# Equivalence class proof

## Homework Statement

Prove that if (a1, b1) ~ (a2, b2) and (c1, d1) ~ (c2, d2), then (a1, b1) + (c1, d1) ~ (a2, b2) + (c2, d2)
and (a1, b1) $$\bullet$$ (c1, d1) ~ (a2, b2)$$\bullet$$ (c2, d2).
Let [a, b] denote the equivalence class with respect to ~ of (a, b) in Z x (Z-{0}), and define Q to be the set of equivalence classes of Z x (Z-{0}).
For all [a, b], [c, d] in Q define [a, b] + [c, d] = [(a, b) + (c, d)] and [a, b]$$\bullet$$ [c, d] = [(a, b) (c, d)]; these definitions make sense, i.e., they do not depend on the choice of representatives.

## Homework Equations

(a, b) + (c, d) = (ad + bc, bd) and (a, b) $$\bullet$$ (c, d) = (ac, bd)
(a, b) ~ (c, d) if and only if ad = bc

## The Attempt at a Solution

I tried using those definitions.
I know you have to assume that (a1, b1) ~ (a2, b2) and (c1, d1) ~ (c2, d2).
But I get stuck afterwards.

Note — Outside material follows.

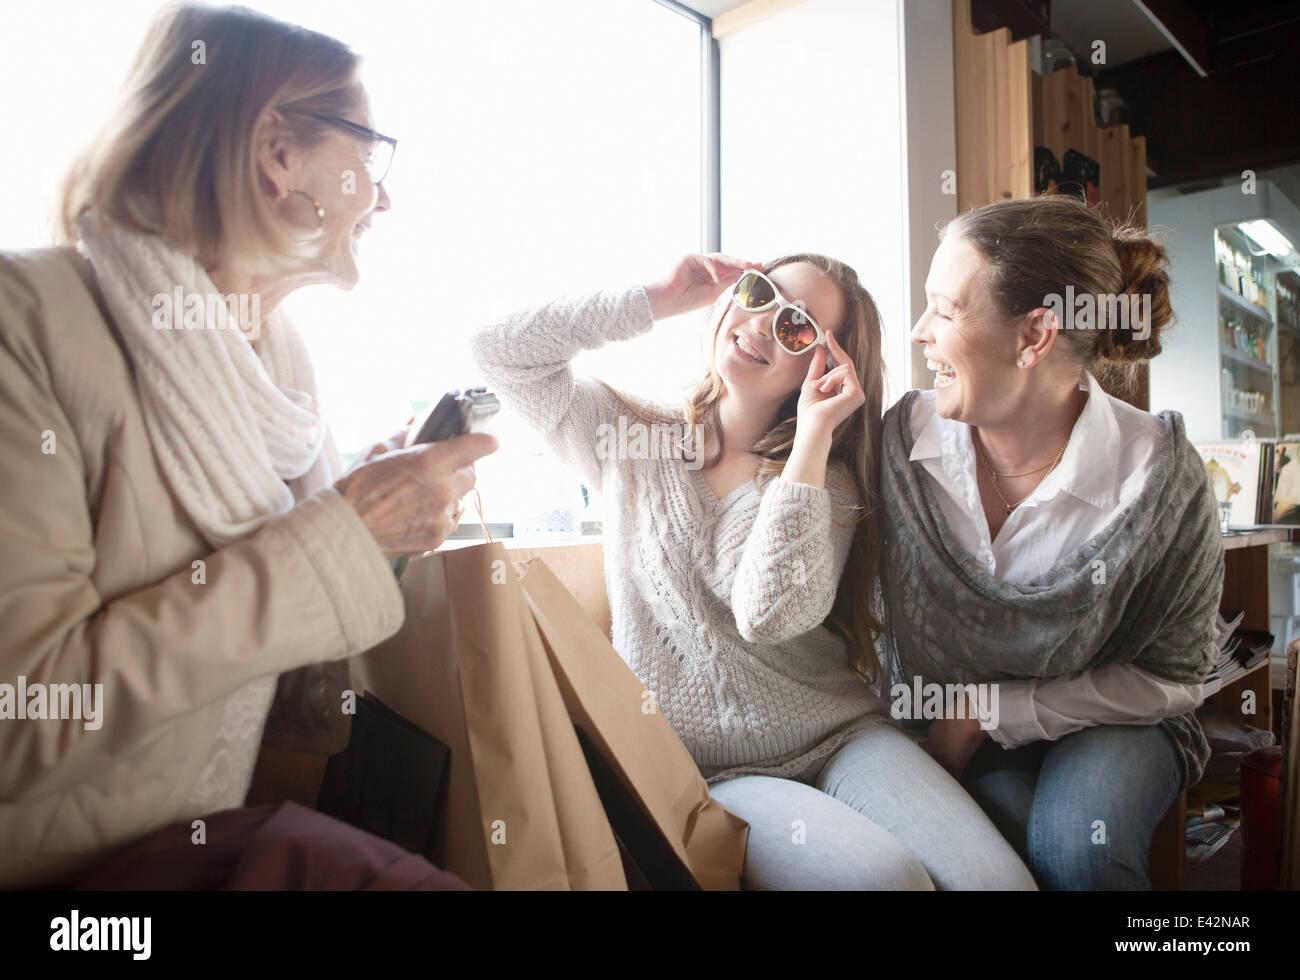 Trois femelles de la génération d'essayer sur des lunettes de soleil dans shop Photo Stock

Where do I go from there? Do I need something more?

Prove that if (a1, b1) ~ (a2, b2) and (c1, d1) ~ (c2, d2), then (a1, b1) + (c1, d1) ~ (a2, b2) + (c2, d2)
and (a1, b1) * (c1, d1) ~ (a2, b2) * (c2, d2).

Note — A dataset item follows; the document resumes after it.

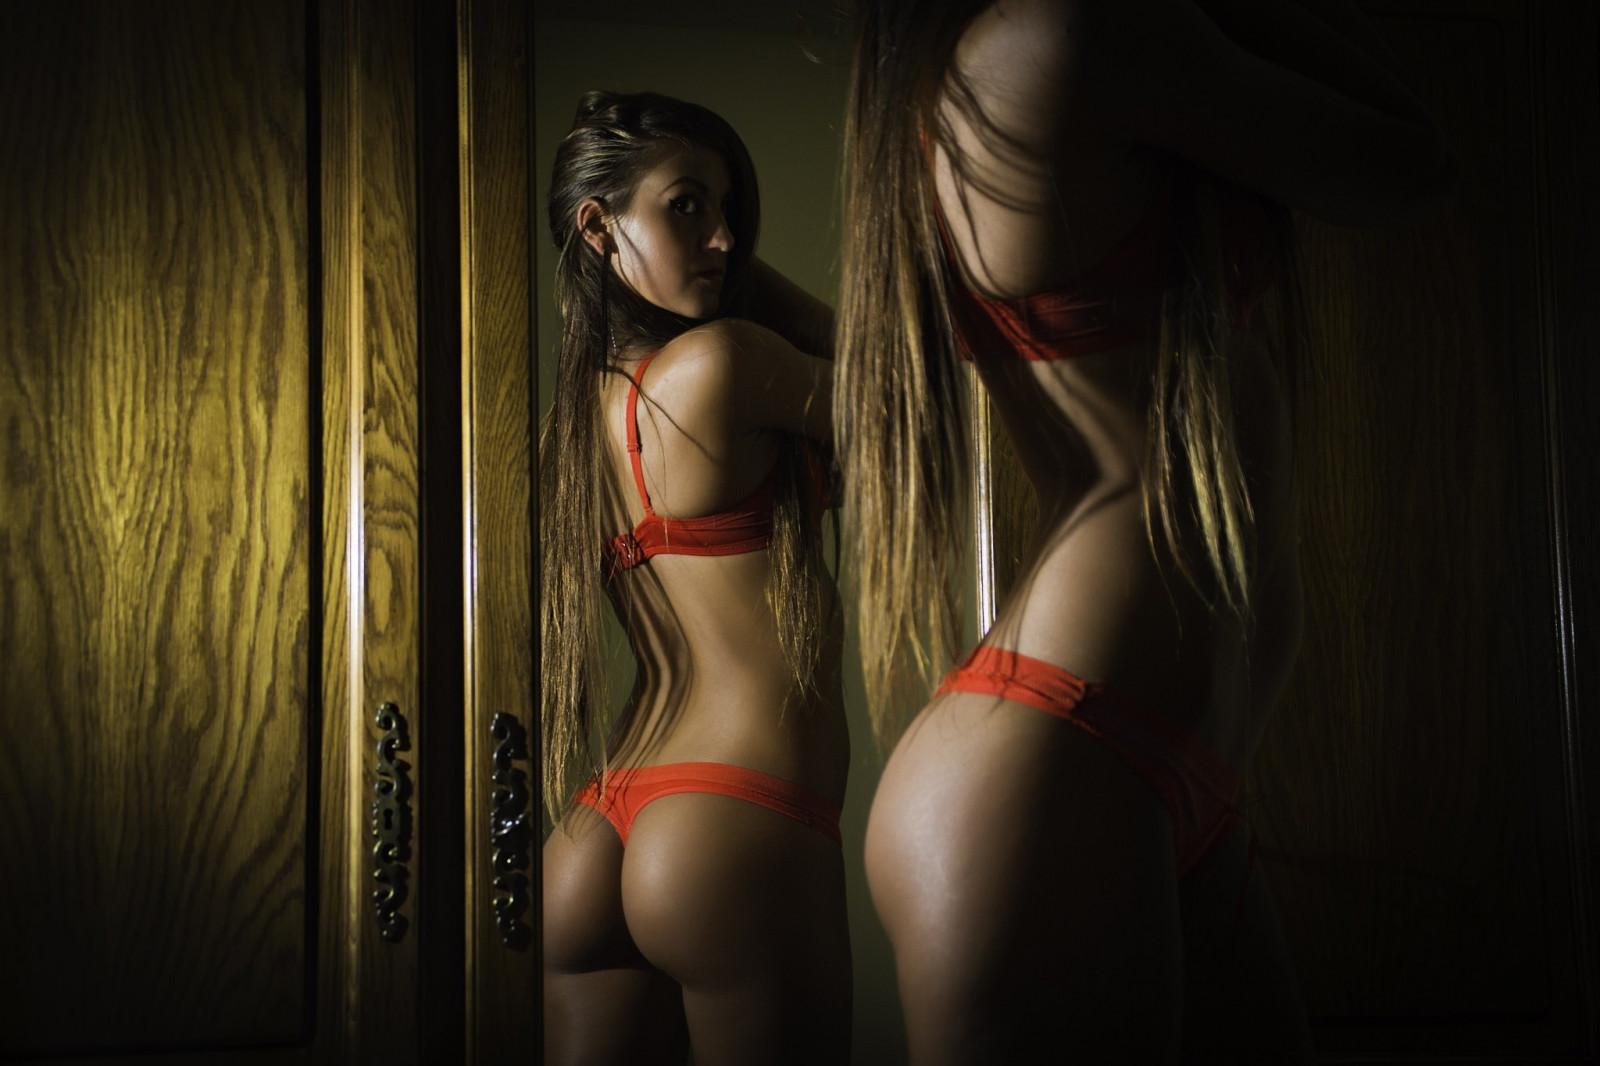 телка танцует красиво перед зеркалом махнула

Are you asking how to prove this?

Write down what (a1, b1) ~ (a2, b2) means and what (c1, d1) ~ (c2, d2) means; these are given.

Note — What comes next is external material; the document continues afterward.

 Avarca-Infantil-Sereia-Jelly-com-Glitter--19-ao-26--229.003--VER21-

Write down what (a1, b1) + (c1, d1) is, what (a2, b2) + (c2, d2) is, and then what (a1, b1) + (c1, d1) ~ (a2, b2) + (c2, d2) means. This is what you must prove. The proof practically writes itself once you write down what these statements mean.

Repeat for *, which may require a tiny trick.

Write out your work for us and ask questions if you get stuck.